The development of the human lip and palate is a delicate process, requiring tissues from both sides of the face to migrate and meet neatly in the middle. It is therefore not surprising that cleft lip and palate, in which this process goes awry, is relatively common — it affects 1 in 700 newborns — and can be caused by either genetic or environmental influences. In an inventive and thorough study, Kondo and colleagues now identify the causative gene of two common cleft lip or palate disorders.

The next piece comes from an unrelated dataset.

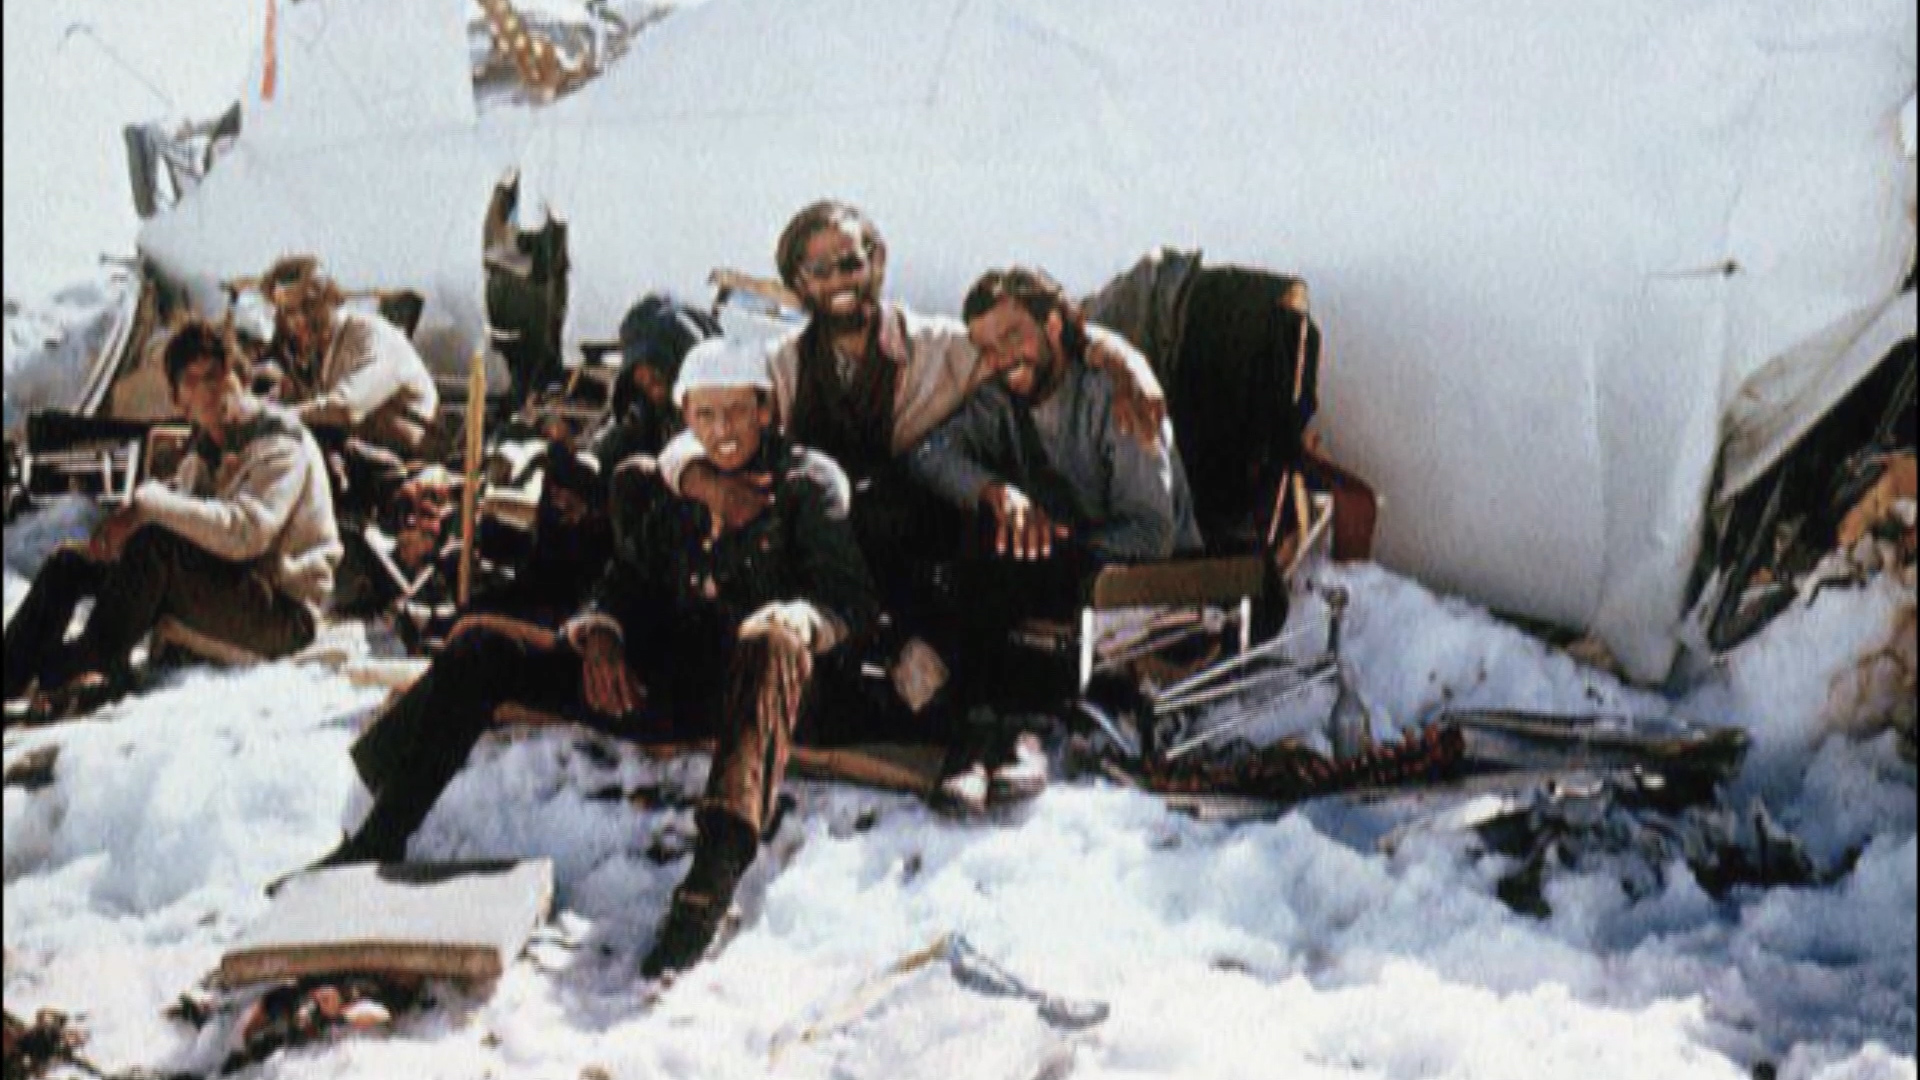 Survivor of 1972 Andes Plane Crash Recounts Being Forced Into
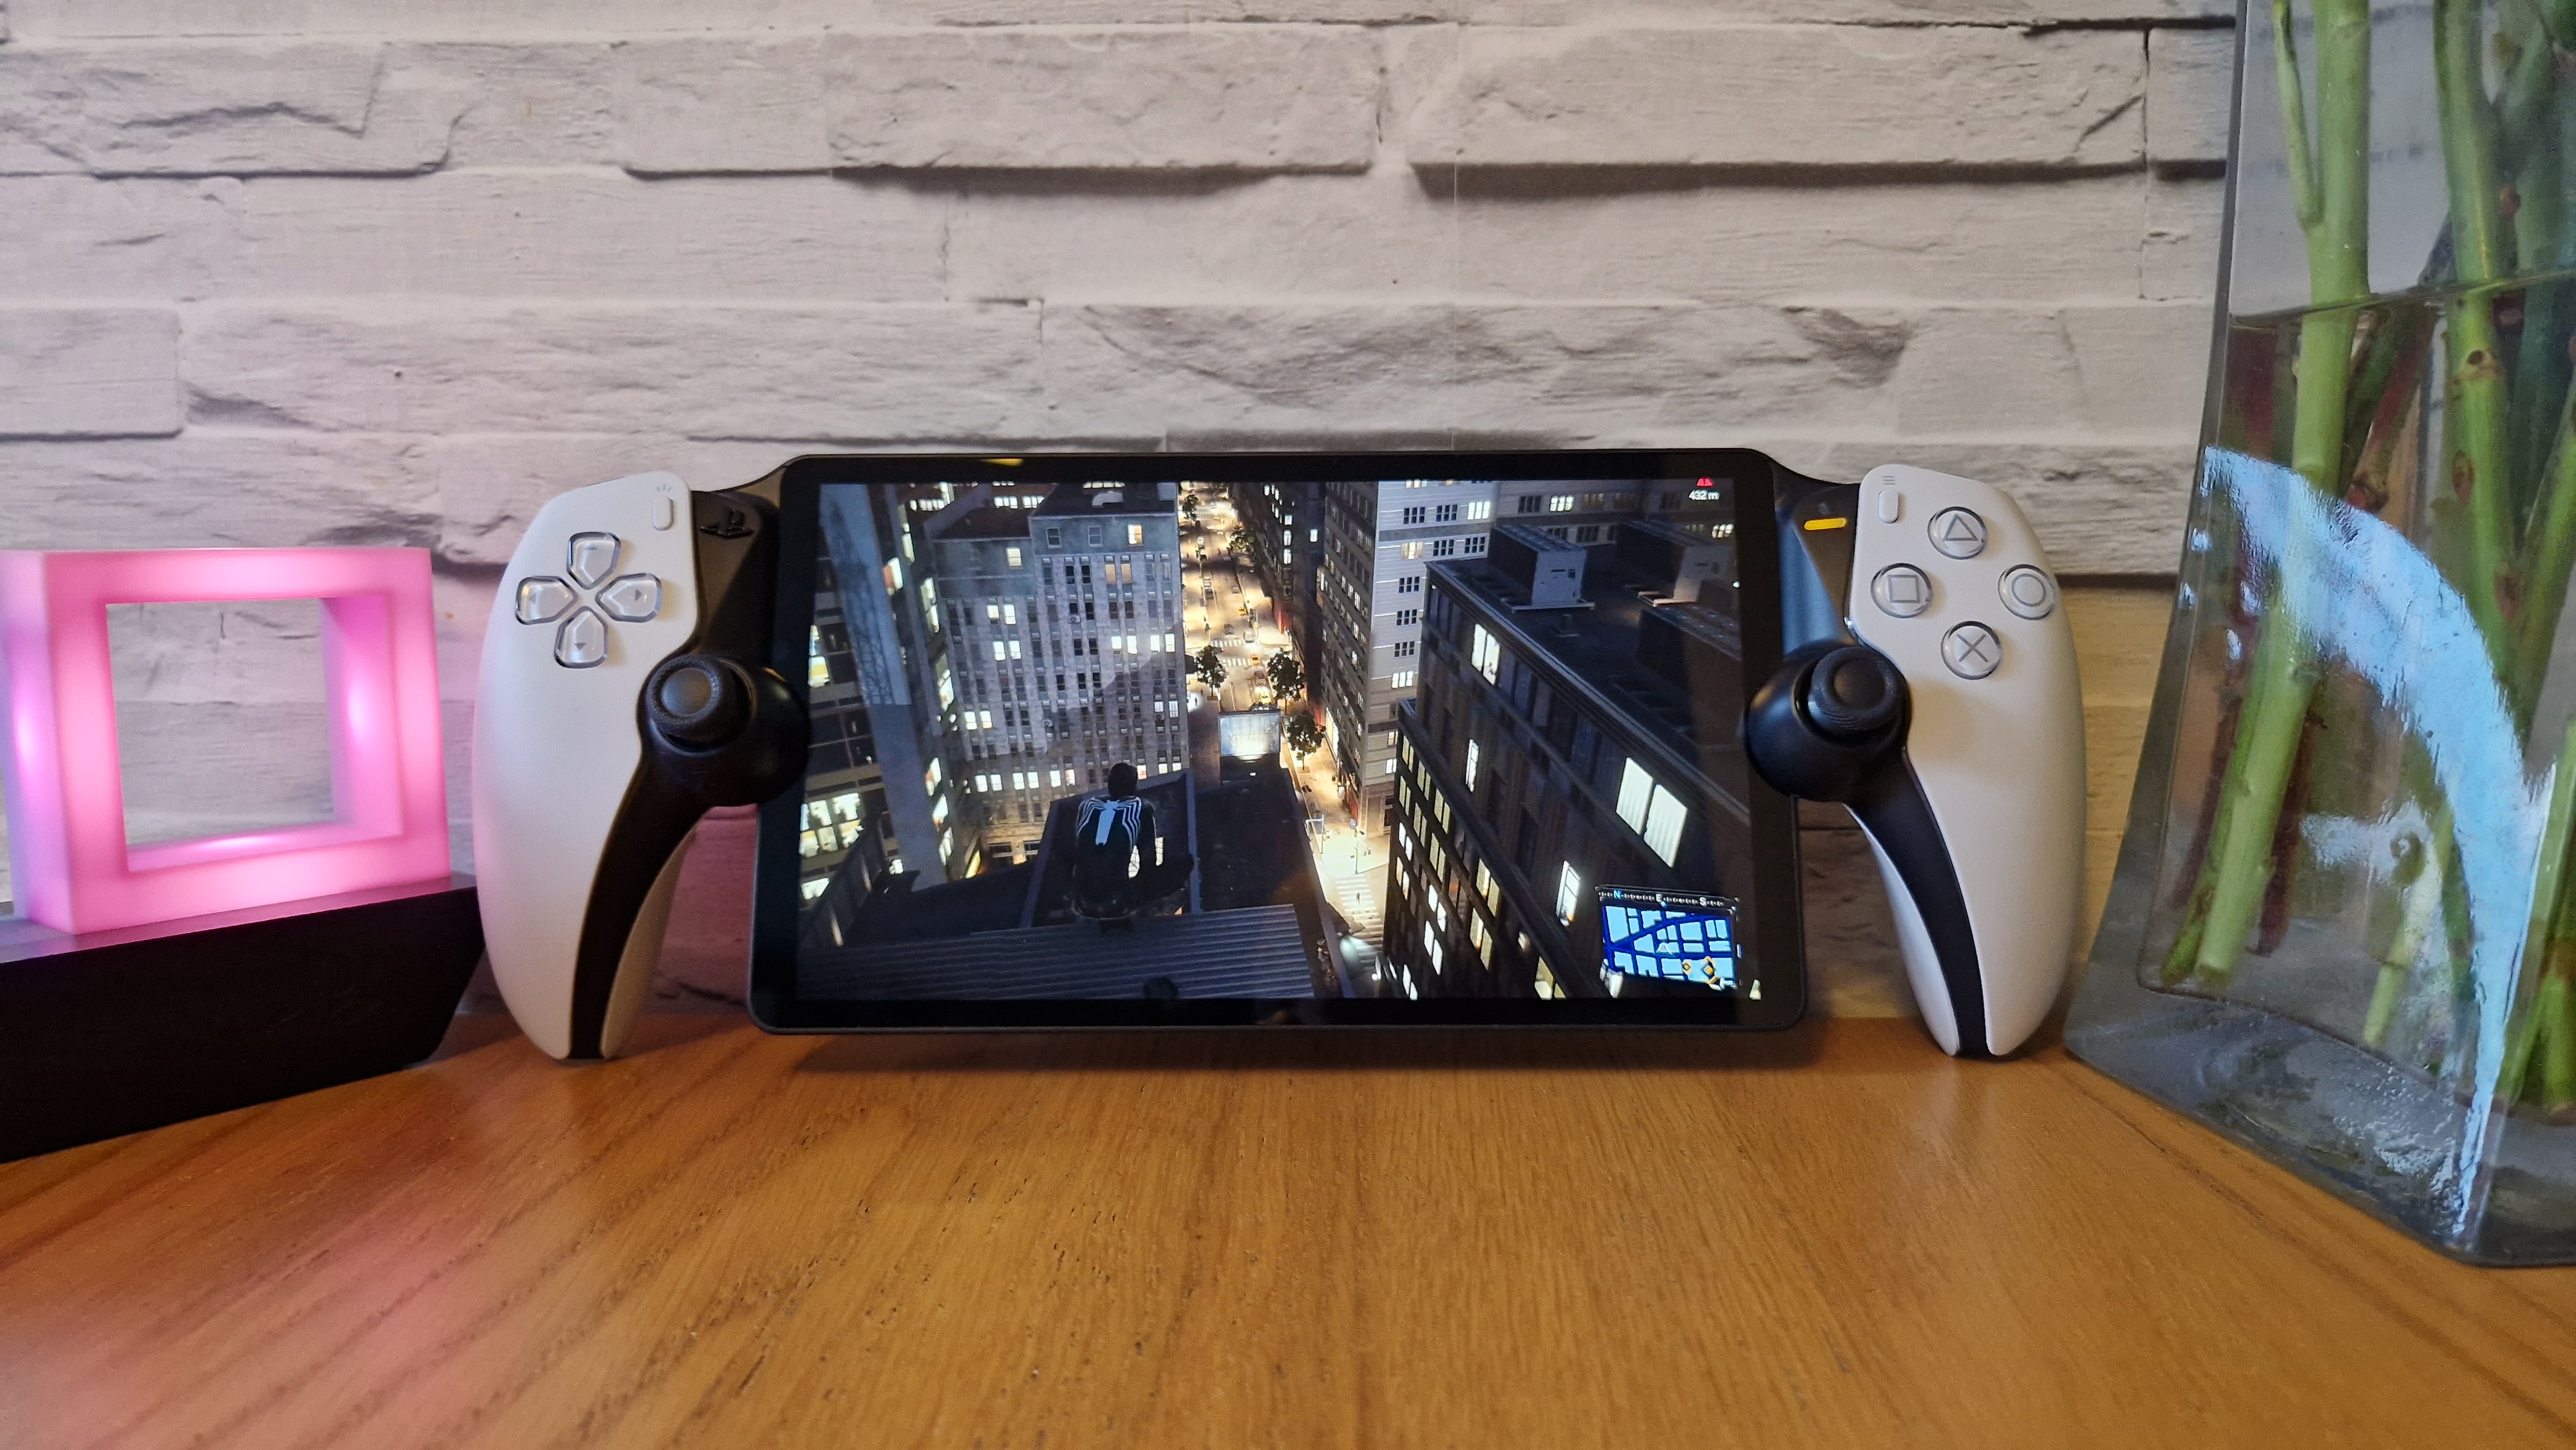 PlayStation Portal-recension - en lysande utveckling inom Remote Play

The two syndromes in question — Van der Woude (VWS) and popliteal pterygium (PPS) — are characterized by cleft lip and palate, with PPS individuals also sufferring from skin and genital abnormalities. It had been suspected that the two disorders are allelic, and that they mapped somewhere in the 1q32–41 interval. This was confirmed when the authors sequenced the candidate region in a pair of identical twins that were discordant for the VWS phenotype. The only genetic difference was a nonsense mutation in the interferon regulatory factor 6 ( IRF6 ) gene, which belongs to a family of nine transcription factors. IRF6 mutations were also found in 57 other families with either VWS or PPS; the causative role of IRF6 in VWS and PPS was further supported by the high expression of IRF6 in the tissues that are affected in the two disorders.

The two syndromes might be allelic but they are characterized by a different spectrum of mutations in the functional regions of IRF6: VWS-associated mutations map to both the DNA-binding and dimerization domains, whereas lesions in PPS patients affect only DNA-binding residues. These lesions could explain the dominant nature of VWS and PPS: the common, protein-truncating mutations seen in VWS are probably haploinsufficient null alleles, whereas the PPS mutant proteins have a dominant negative effect, as they retain the ability to bind protein partners but not DNA.

This work provides proof of principle that identical twins can be used to pinpoint disease genes, an approach that removes the complicating presence of neutral SNPs. Nonetheless, mutations in IRF6 don't explain everything, as phenotypic variation in VWS and PPS patients betrays the presence of modifier genes and/or random effects.